After thoroughly shuffling, the exact order of the deck is one of 52! (52 factorial, or 52 * 51 * 50 * ... * 2 * 1) possible combinations. That is such a large number that it's possible, even likely, that the exact ordering of your deck has never existed before and will never exist again.

[–] [email protected] 8 points 1 week ago* (last edited 1 week ago) (1 children)

True, but due to the Birthday Paradox, the chance of any two people shuffling a deck the same way at some point is a lot higher than you might think.

[–] [email protected] 4 points 1 week ago

In the future you can denote your factorial with 51! through single inline backticks for clairity!

[–] [email protected] 10 points 1 week ago (2 children)

It’s also not sufficient to randomize a deck of cards using a 32-bit seed as was once common in software.

Indeed, even with a 64 bit seed, it is not sufficient.

[–] [email protected] 12 points 1 week ago

Some quick math tells me you need 256 bits. Big numbers are wild

[–] mindbleach 1 points 1 week ago

x = new Array(52).fill(0).map( (v,i,a) => i+1 )

x.reduce( (a,b) => a + Math.log(b) ) / Math.log(2)

227.02369816459176

So it'd take 228 bits.

[–] [email protected] 10 points 1 week ago (2 children)

What if I just tossed the cards into the air and then picked them up? Would one toss be sufficient? 🤔

[–] [email protected] 8 points 1 week ago

No. Surprisingly much of the order is preserved.

[–] [email protected] 5 points 1 week ago

Only if you pick them up with your eyes closed

[–] [email protected] 7 points 1 week ago (2 children)

With or without cutting the deck in-between each shuffle?

[–] Chef 6 points 1 week ago (1 children)

That’s called a “box.” I believe the box/riffle action counts as one shuffle.

[–] [email protected] 1 points 1 week ago

And how many boxes make a riffle? I always do three or four between each riffle, and wonder how much it changes.

[–] [email protected] 6 points 1 week ago (2 children)

I always thought riffle shuffles were super ineffective. Most of the cards remain in each others vicinity.
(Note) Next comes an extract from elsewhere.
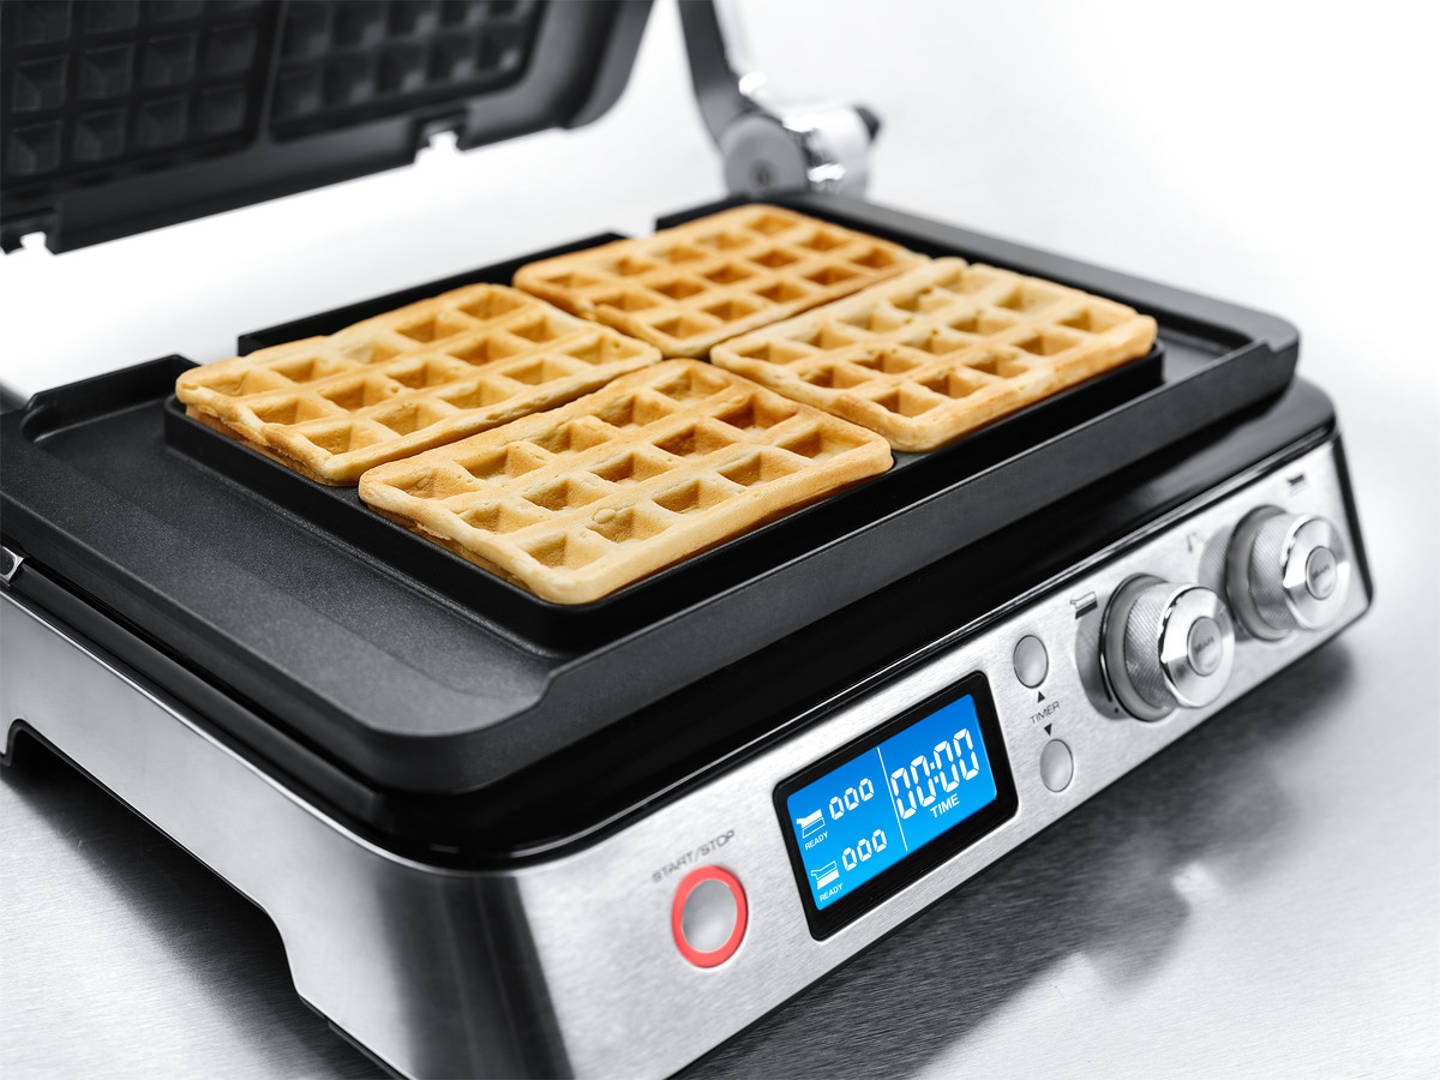 Grills, Griddles + Waffle Makers

What is a better way?

[–] [email protected] 24 points 1 week ago (2 children)

You're essentially splitting the deck and recombining the two halves imperfectly multiple times in a row. Like if a riffle was perfect, you would get the cards from both halves equally distributed, but nobody can do it perfectly, so they actually end up properly randomized. After 7 imperfect riffles, the entire deck is unpredictable.
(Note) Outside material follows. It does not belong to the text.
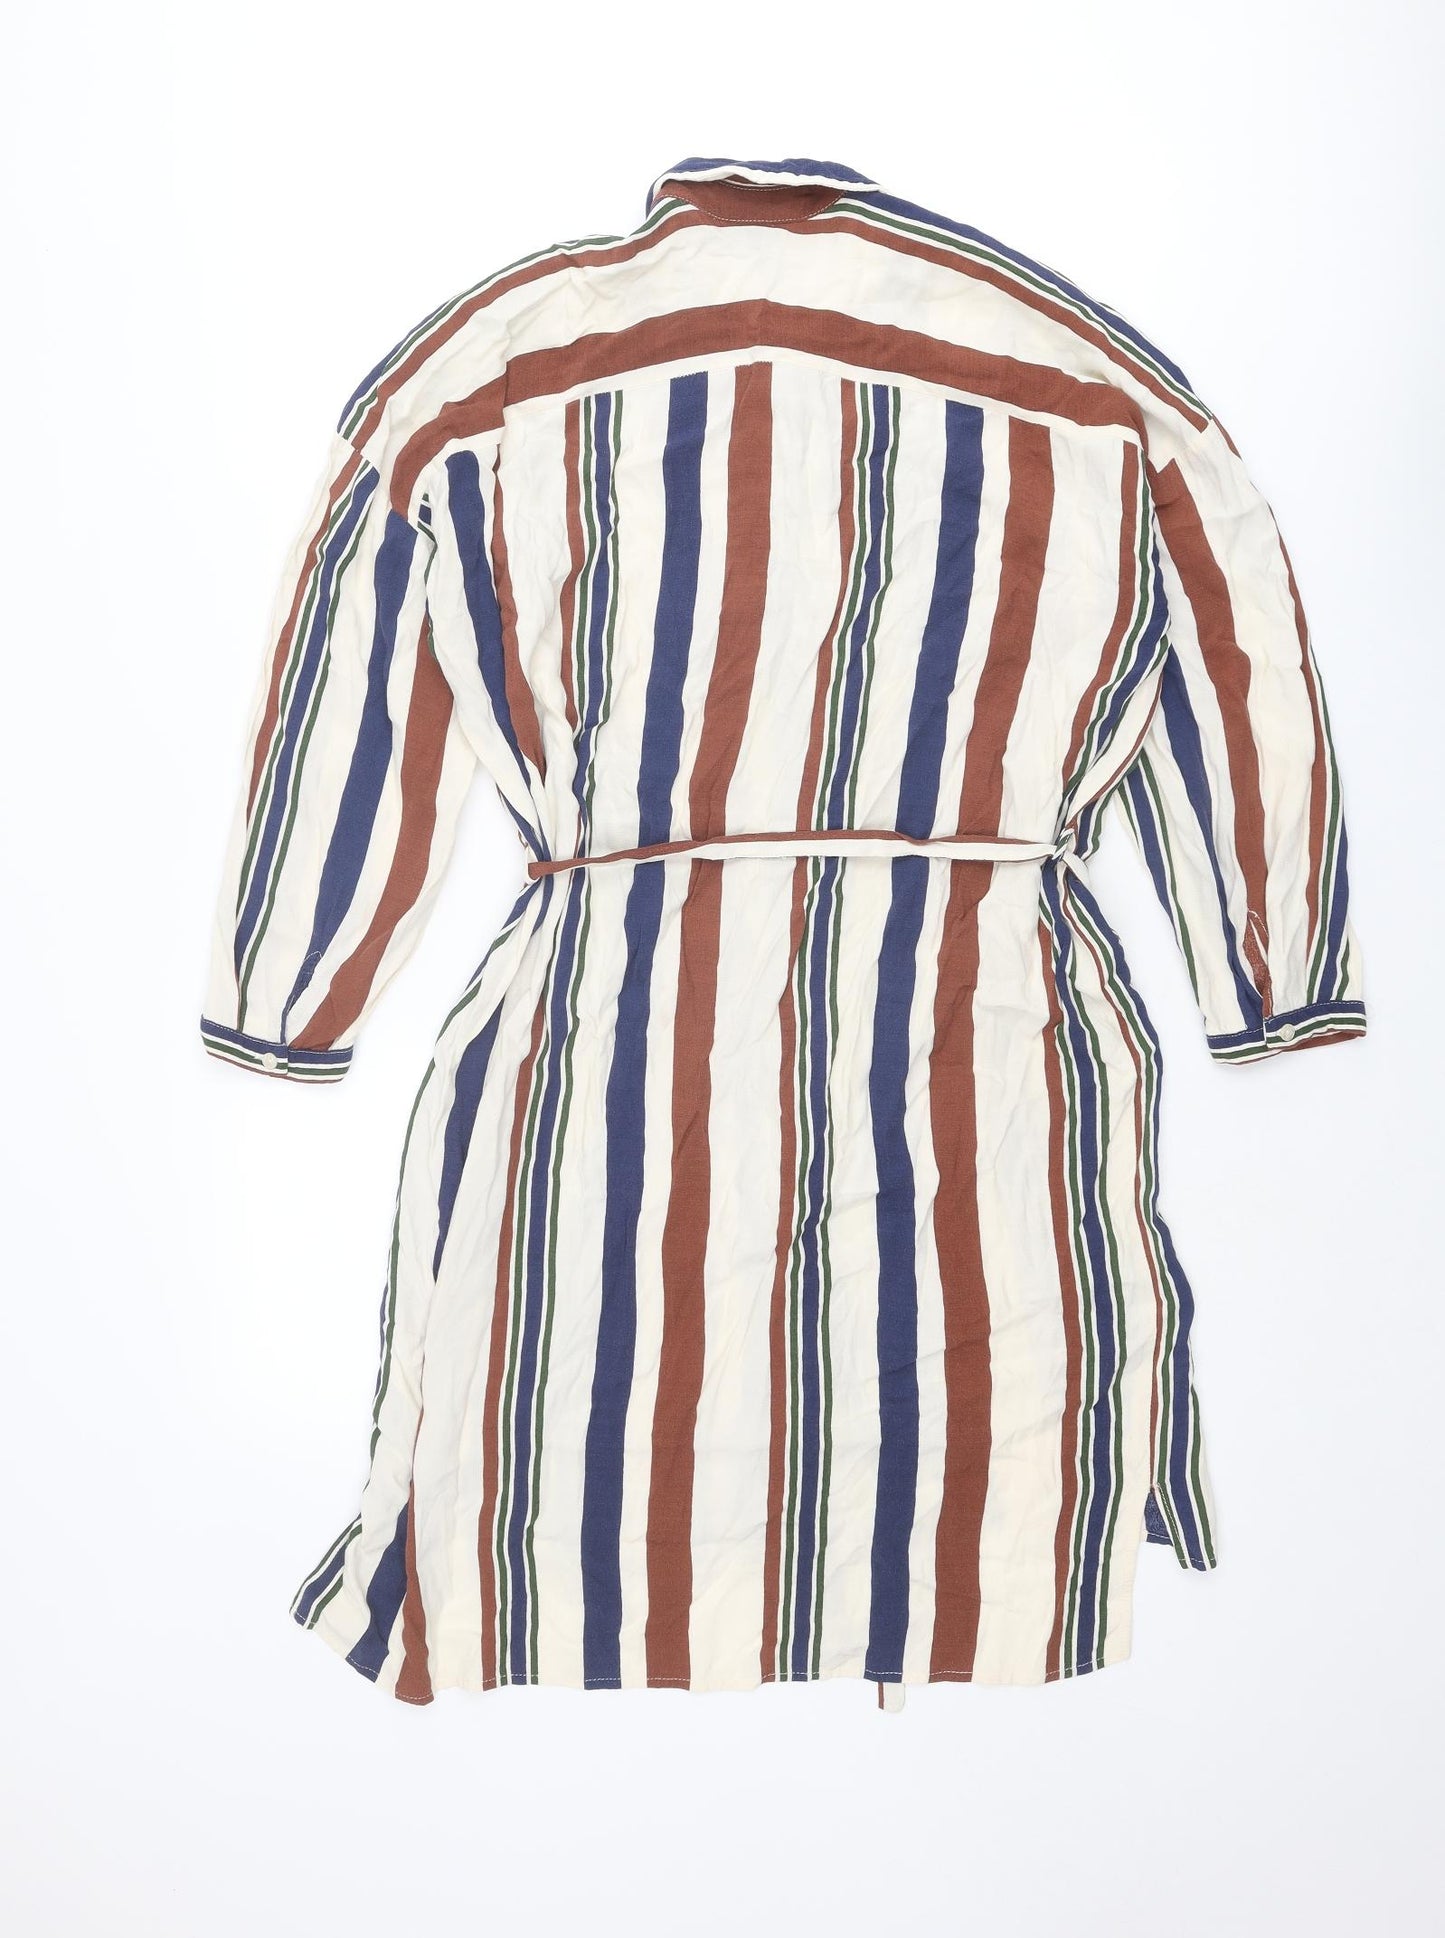 Topshop Womens Multicoloured Striped Viscose Shirt Dress Size 8 Collared Button

After 4 perfect ABAB riffle shuffles, you would end up with the same order as you started with. If your shuffles are imperfect, your deck becomes more random every time.

[–] [email protected] 11 points 1 week ago

I read ABAB as “Assigned Bitch at Birth” and immediately was like “hey that’s me”
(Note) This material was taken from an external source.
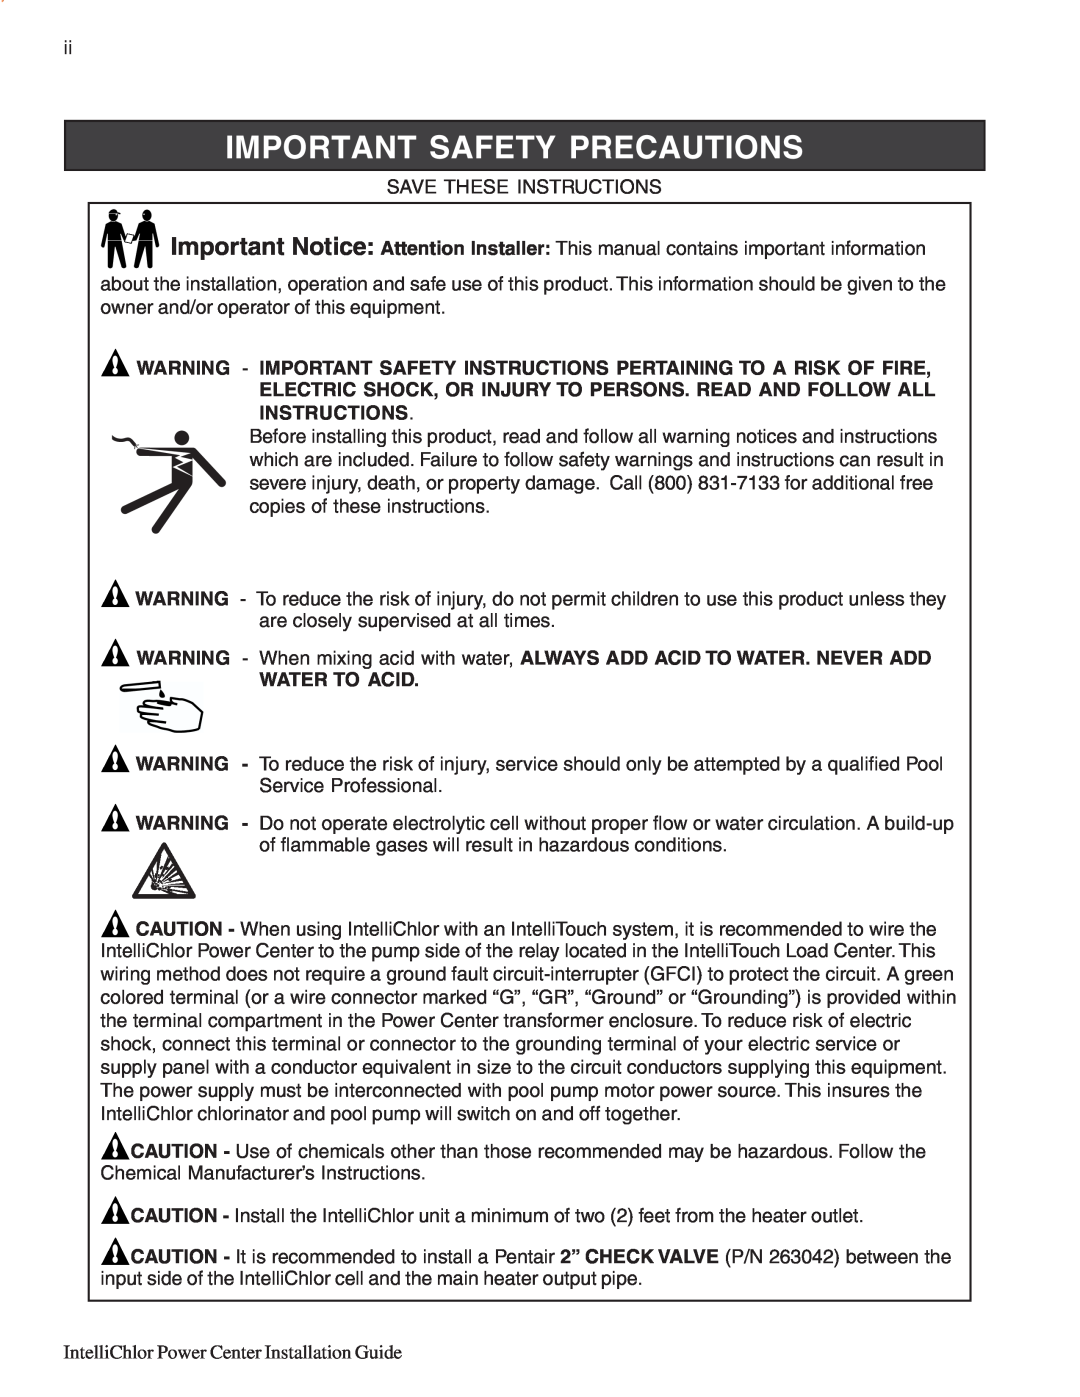 Pentair C40, C20 Warning - Important Safety Instructions Pertaining To A Risk Of Fire, Water To Acid

[–] [email protected] 2 points 1 week ago* (last edited 1 week ago)

I don't know much about card tricks, just that many appear to use non-random cuts and those ABAB shuffles to get cards where they need to go. This one 'The Hotel' might even be easy enough for me to learn:

https://youtu.be/P-6gCH1hRGs

[–] [email protected] 2 points 1 week ago

It's the best way, period. Even as inefficient as it may seem, inexpertly done, seven shuffles and you're good.

[–] [email protected] 5 points 1 week ago

Numberphile has a bunch of videos on it, and yes 7 the accepted number because more shuffling doesn't increase the randomness in an effective manner.

https://www.youtube.com/watch?v=AxJubaijQbI

[–] [email protected] 3 points 1 week ago

I never learned how to properly shuffle cards that way. My hands just fail at the basic mechanics. Perhaps coincidentally, I would be mortified if something like that were done to the vast majority of the games in my collection. That ain't no $2 Bicycle deck, mi amigo.

[–] [email protected] 3 points 1 week ago

This is oddly satisfying to know. Thank you.